比较的条件是:如果两个 ExamObjID 具有至少 6 个相同的 Locus,并且在每个(最多 2 个例外)相同的 Locus 中至少有 1 个相同的 Value,则这两个 ExamObjID 被视为 "匹配"。

每个 "匹配" 的 ExamObject 被写入 SearchResults 表(SearchResultID uniqueidentifier, ExamObjID uniqueidentifier, MatchObjID uniqueidentifier, MisMatchCount (tinyint)),然后游标移动到视图中的下一个 ExamObjID。MisMatchCount 列存储在比较过程中不匹配的 Locus 数量,因此它的值介于 0 和 2 之间。

毫无疑问,这整个方案非常慢,在具有数十万个 ID 的数据库中,每次搜索可能需要大约 15 分钟。

所以问题是:是否有办法用一些无循环的代码块替换所有这些 "游标和标量函数" 部分?我不是专业程序员,但真的想改进这部分以减少搜索时间。非常感激任何提示和想法。同时,我真的不知道是否有可能实现这一点,请告诉我是否不可能,我将寻找其他改进情况的方法。

英文:

I have a view vwValues in my SQL Server 2008 database with these columns:

ExamObjID (uniqueidentifier)
Locus (varchar(10))
ValOrder (tinyint)
Value (varchar(5))
IndexType (char(1))
PersCount (tinyint))

and sample data like this:

ExamObjID Locus ValOrder Value IndexType PersCount
f9576b7b-20a1-4d63-8c80-b8ffd68aefc5 L1T1234 1 12 C 1
f9576b7b-20a1-4d63-8c80-b8ffd68aefc5 L1T1234 2 12 C 1
f9576b7b-20a1-4d63-8c80-b8ffd68aefc5 L2T54332 1 14 C 1
f9576b7b-20a1-4d63-8c80-b8ffd68aefc5 L2T54332 2 15 C 1
f9576b7b-20a1-4d63-8c80-b8ffd68aefc5 L3R12 1 11 C 1
f9576b7b-20a1-4d63-8c80-b8ffd68aefc5 L3R12 2 17 C 1

So for any ExamObjID there is anywhere between 6 and 27 Locus each with up to 4 Value's (and respective ValOrder enumerating that Value's ). Also one ExamObjID can have only one distinct IndexType and PersCount.

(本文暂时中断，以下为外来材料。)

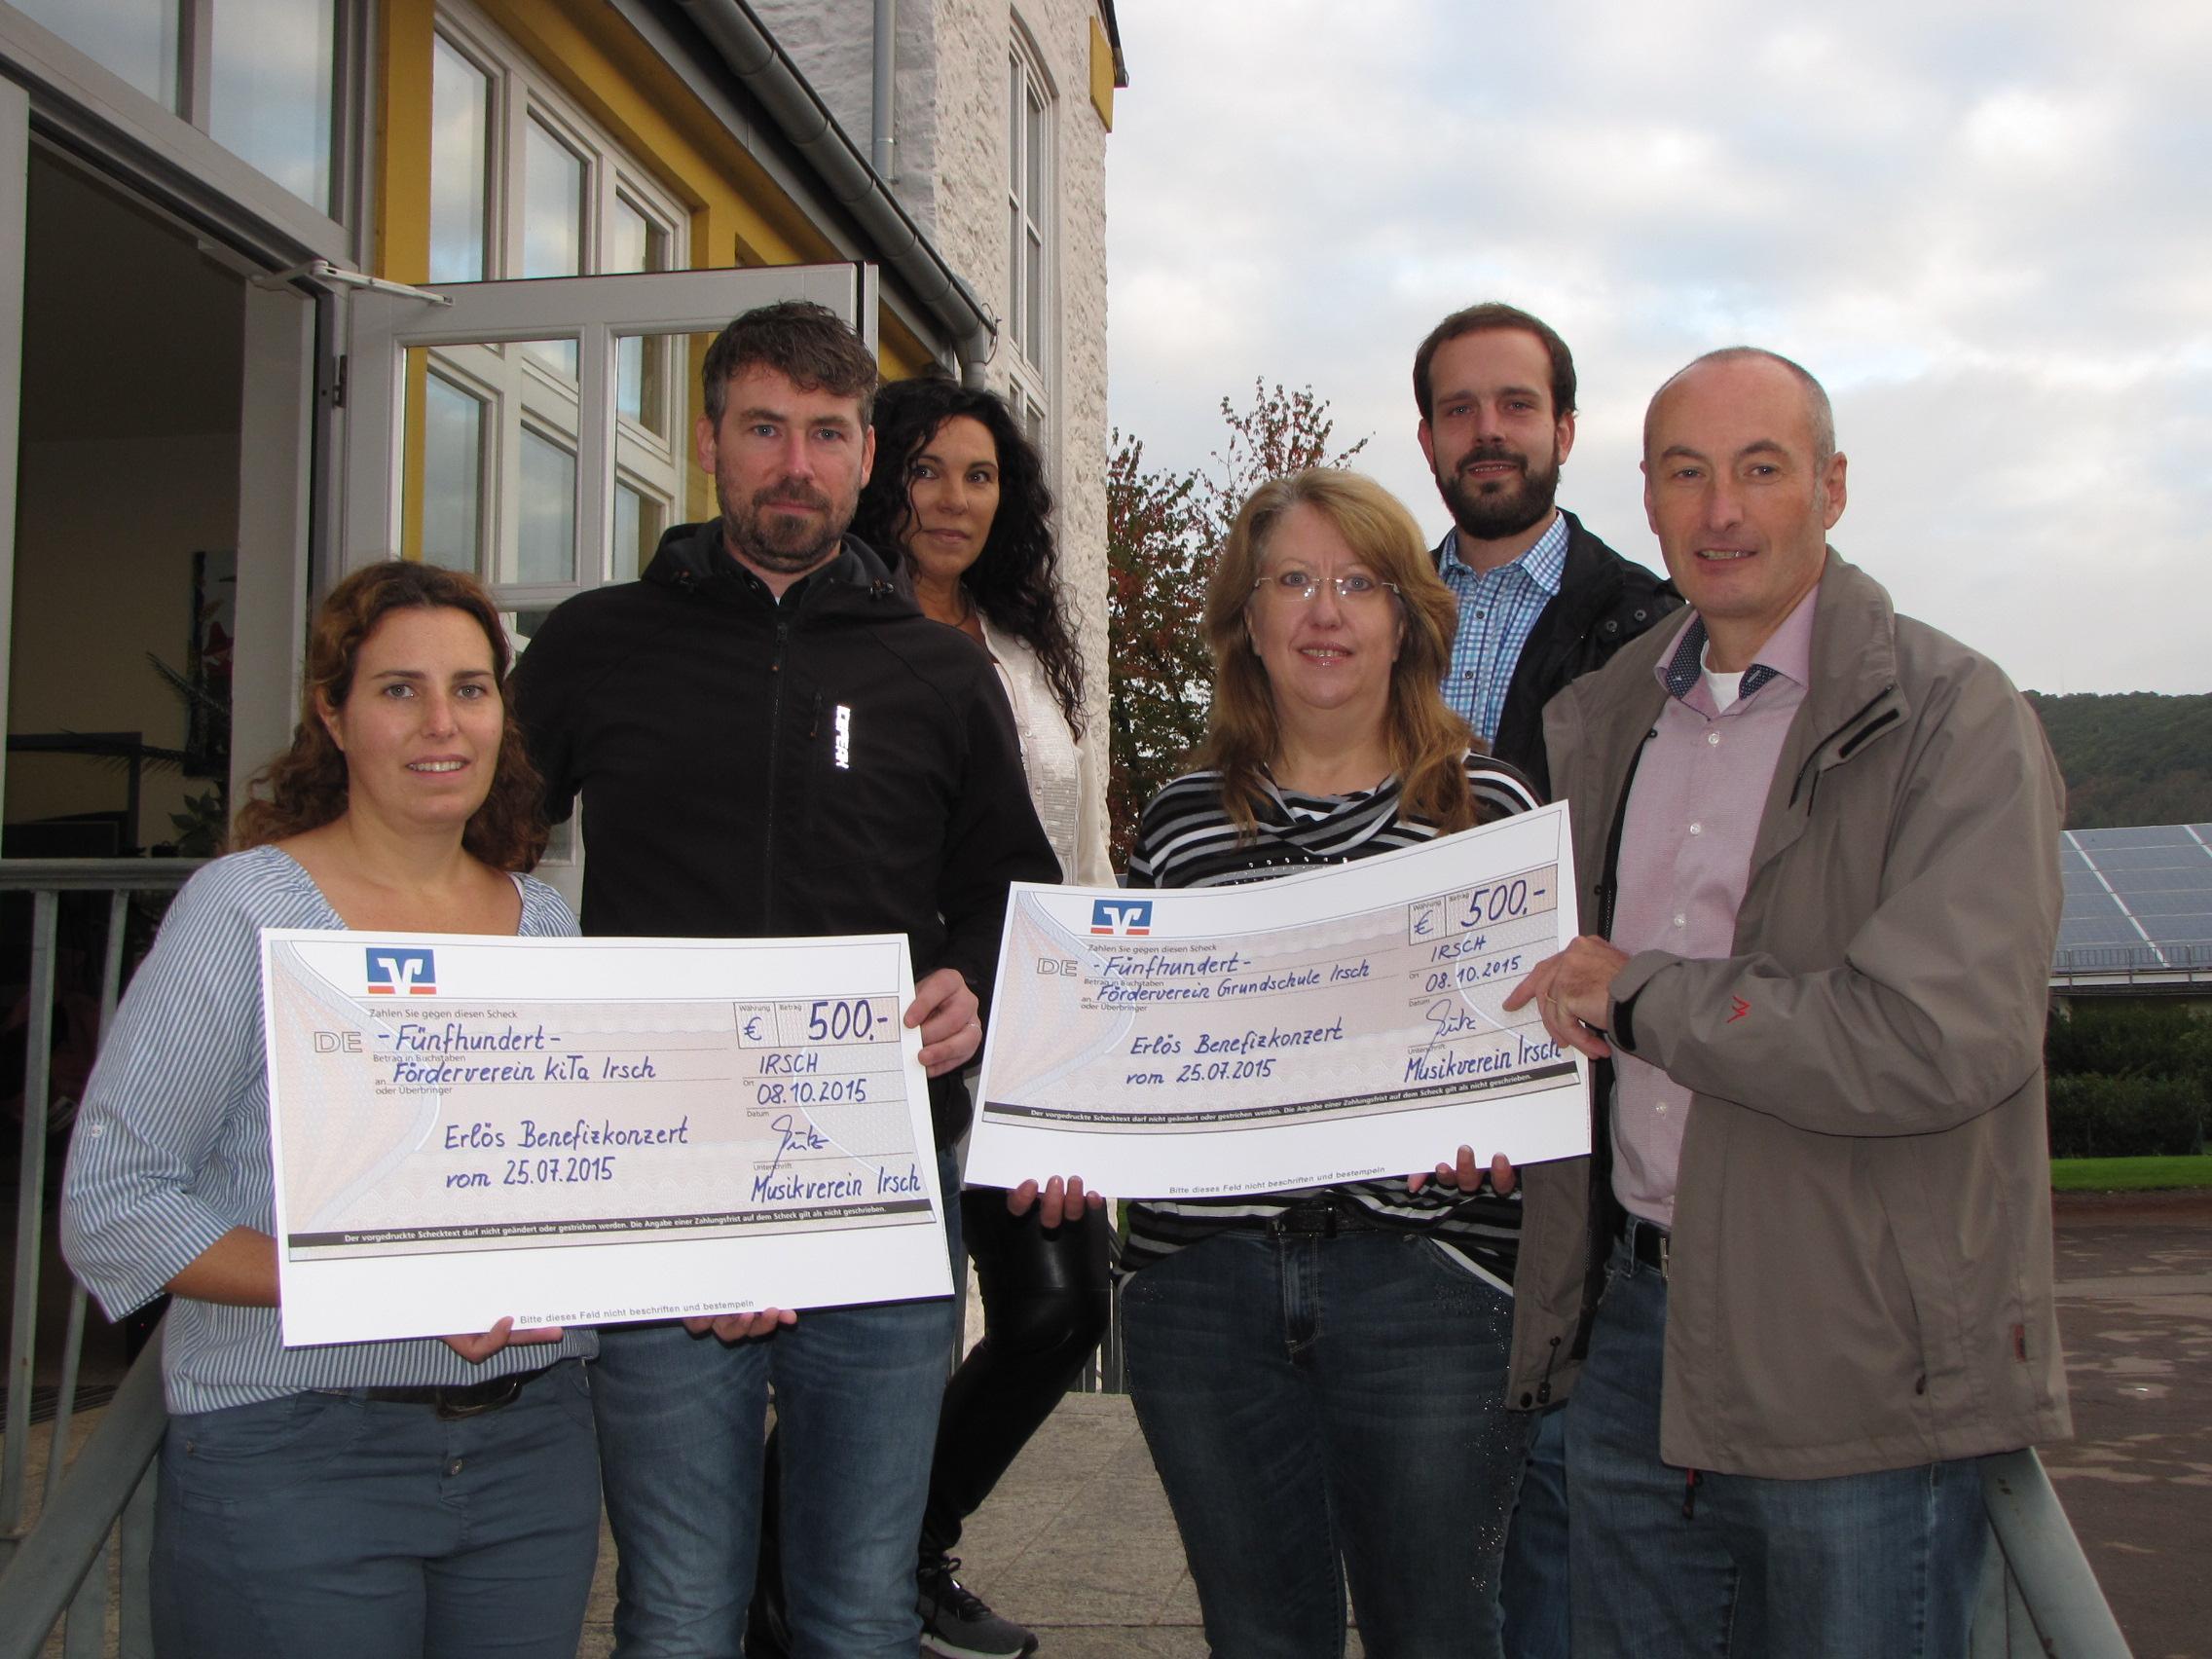 Musikverein Irsch spendet 1.000 EUR für Grundschule und KiTa Irsch
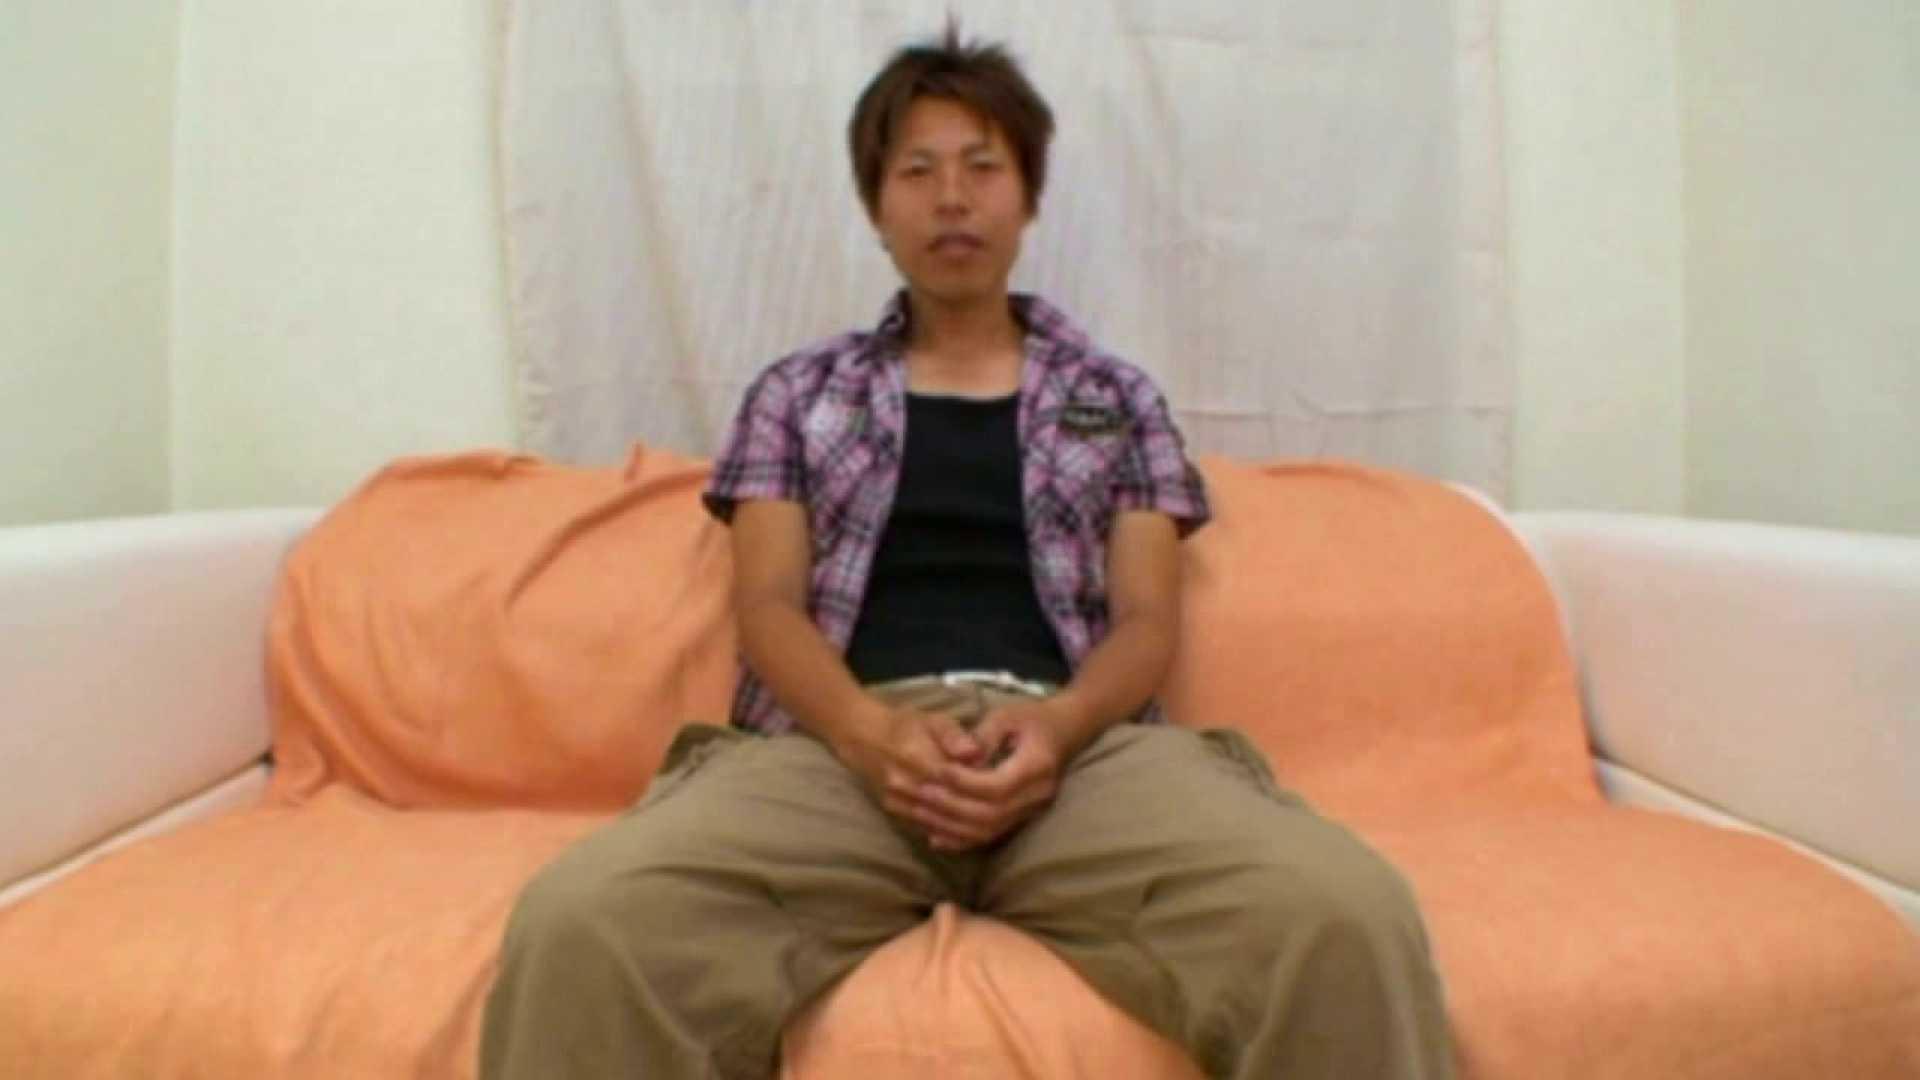 ノンケ!自慰スタジオ No.10 自慰シーン   素人盗撮 エロビデオ紹介 103枚 86

The database also has a stored procedure that accepts specific ExamObjID , builds a table variable @Target with the same structure as vwValues view (omiting IndexType and PersCount columns) and populates it with all entries from this view that have such ExamObjID .

Now what it makes is selects other ExamObjID 's from the view, starts some rather cumbersome cursor that calls for scalar functions - all to compare the @target table to every other ExamObjID in view that has PersCount = 1 .

The comparison terms are: the two ExamObjID 's are considered a "match" if they have at least 6 identical Locus and in every (exept for maximum 2) identical Locus they have at least 1 identical Value.

Every "matching" ExamObject is written into SearchResults Table (SearchResultID uniqueidentifier, ExamObjID uniqueidentifier, MatchObjID uniqueidentifier, MisMatchCount (tinyint)) and then the cursor moves on to the next ExamObjID in the view. MisMatchCount column stores the quantity of Locus that mismathed during comparison so it stores values between 0 and 2.

Needless to say all this scheme is very slow and for a DB that has hundreds of thousands ID's it can take anywhere around 15 minutes per one search.

So the question is: is there any way to replace all this "cursors and scalar functions" part with some neat cycleless code block? I am nowhere around being a professional coder but really want to improve this part to reduce search times. Will be very grateful for any tips and ideas. Also I do not really know if it is even possible to achieve so please tell me it is impossible and I will search for another ways to improve the situation.

UPD1: more about matching rules.

Per-Locus match:
this Locus of ExamObjID f9576b7b-20a1-4d63-8c80-b8ffd68aefc5 :

ExamObjID Locus ValOrder Value
f9576b7b-20a1-4d63-8c80-b8ffd68aefc5 L1T1234 1 12
f9576b7b-20a1-4d63-8c80-b8ffd68aefc5 L1T1234 2 14

is considered a match with this Locus of ExamObjID e1185832-a6b7-4b08-913c-fb75be0f8588:

ExamObjID Locus ValOrder Value
e1185832-a6b7-4b08-913c-fb75be0f8588 L1T1234 1 14
e1185832-a6b7-4b08-913c-fb75be0f8588 L1T1234 2 15

because they share at least one common Value = 14.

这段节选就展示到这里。